Springtime for Zealots

When the Pope was in town recently, I was trying to visit my sister on the upper east side and got stuck in a throng of pedestrians. They were gathered to wait for the big guy's arrival at a church across the street. There was no particular look to the crowd -- just average people, some little girls with hand-drawn signs. Then, a bit further down the block, barricaded into their own small section, were protesters. They were chanting loudly, and held signs that mostly said terrible things about gay people -- not child molesters, mind you; gay people -- and how the Pope would be going to hell for supporting them.

Clearly, these people were religious fanatics. Secular New Yorkers angry at the church's sex scandals wouldn't be degrading all gay people. These were the kind of despicable nut jobs who show up at soldiers' funerals holding up signs about fags and damnation. I overheard one soft-spoken old lady, stooped over, telling a neighbor on the street, "I told them they should be ashamed of themselves." But like most zealots, it didn't appear that shame was in their repertoire.

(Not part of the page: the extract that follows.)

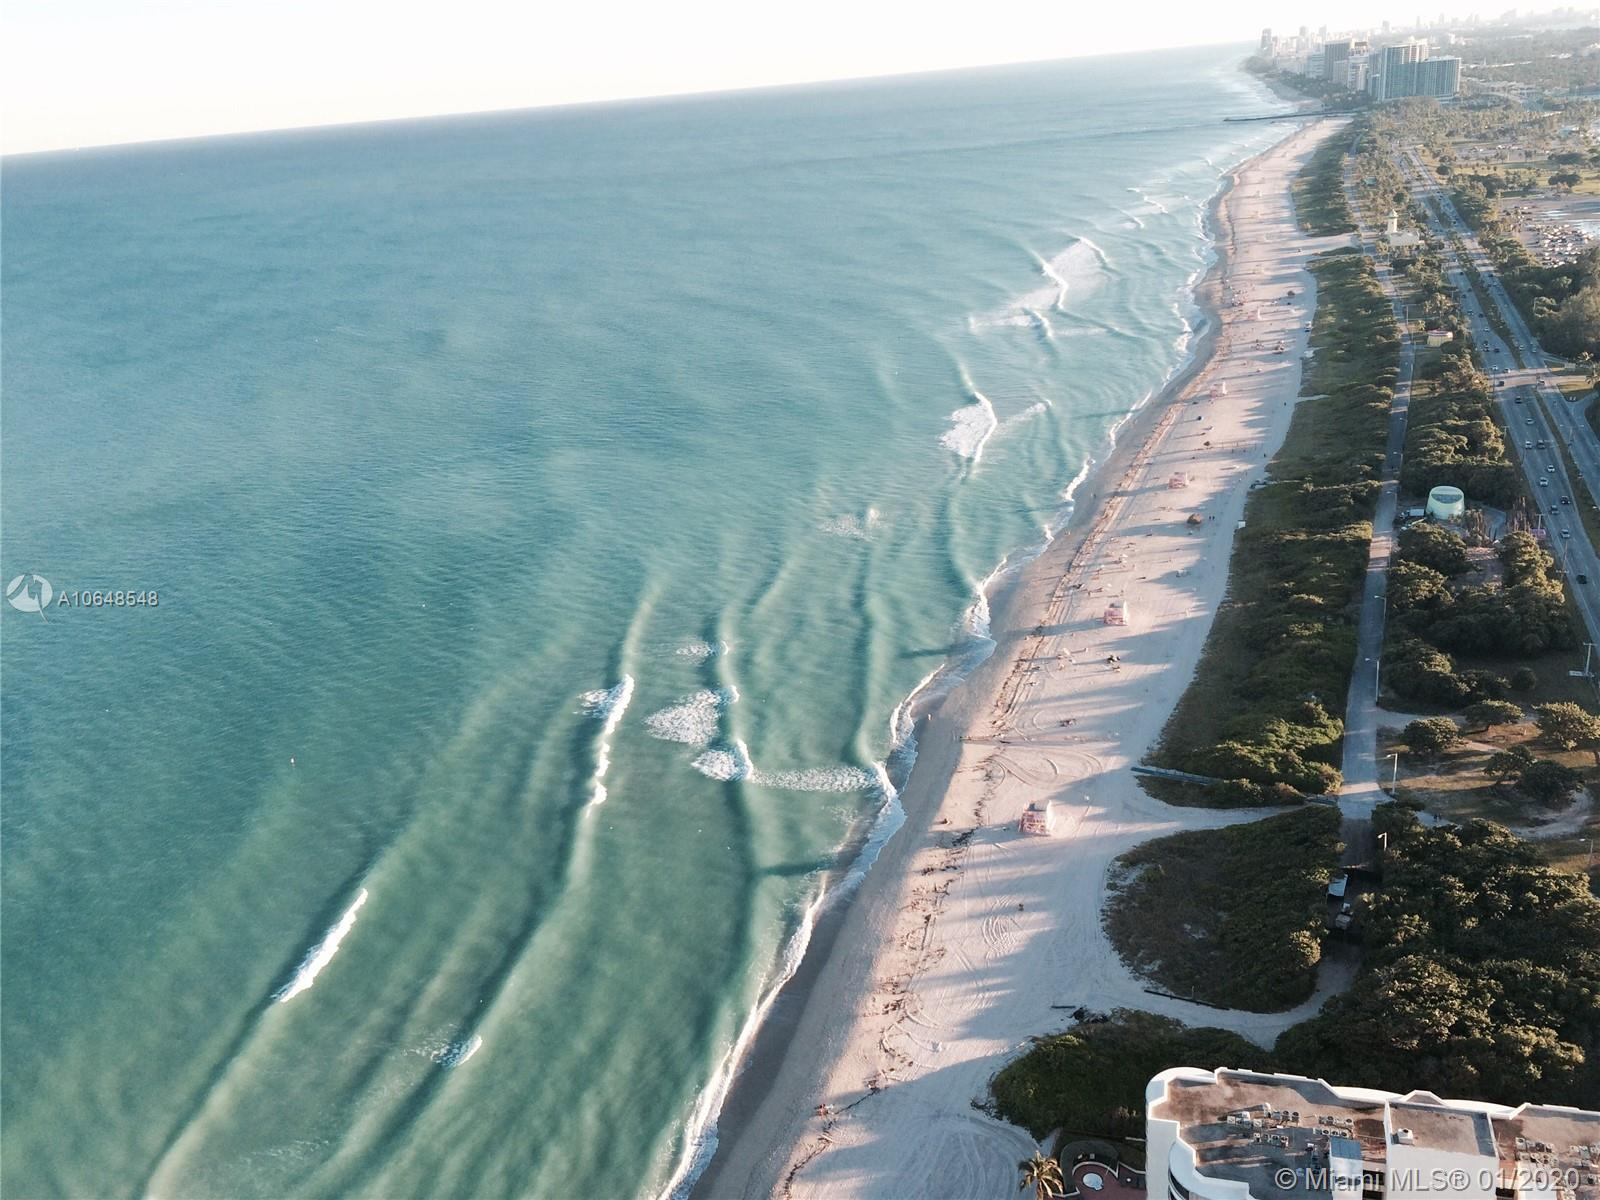 15811 COLLINS AV # 4202, Sunny Isles Beach, Florida 33160, 3 Bedrooms Bedrooms, ,4 BathroomsBathrooms,Residential Lease,For Rent,15811 COLLINS AV # 4202,A10648548

The real reason I bring this up is because I'm not Catholic. I'm not even religious. But the idea that religion leads to evil and stupidity is making less and less sense to me as I get older. The group of detractors on the street that day were crazed first -- they were attaching themselves, like angry barnacles, to the underside of religion, but if religion weren't around, they'd be red-faced about skin color or gender or the use of the designated hitter in the American League. I'm not giving religion a pass on its more nefarious side -- which exists in spades. Just the idea that people were so excited to see the Pope, this frail man, as if he himself was God, makes me shake my head in wonder. But I still think human nature is the bigger problem, not religion. Not the easiest problem to address, I know, but a bigger one.


Anonymous Anonymous said...

Hey there afraid person.
I love this post. I too got caught in a bunch of Pope-lovers that morning. The ones that got in my way were hippy-dippy twirling latinos chanting folksy church songs, strumming guitars and beating bongos. If they weren't singing about Dios and Jesus I wouldn't have been surprised to hear them segue into "Sugar Magnolia" or "Box of Rain" and start passing a bong.
People are crazy, for example, anyone who disagrees with me. Crazy, I tell you! Crazy like a barnacle!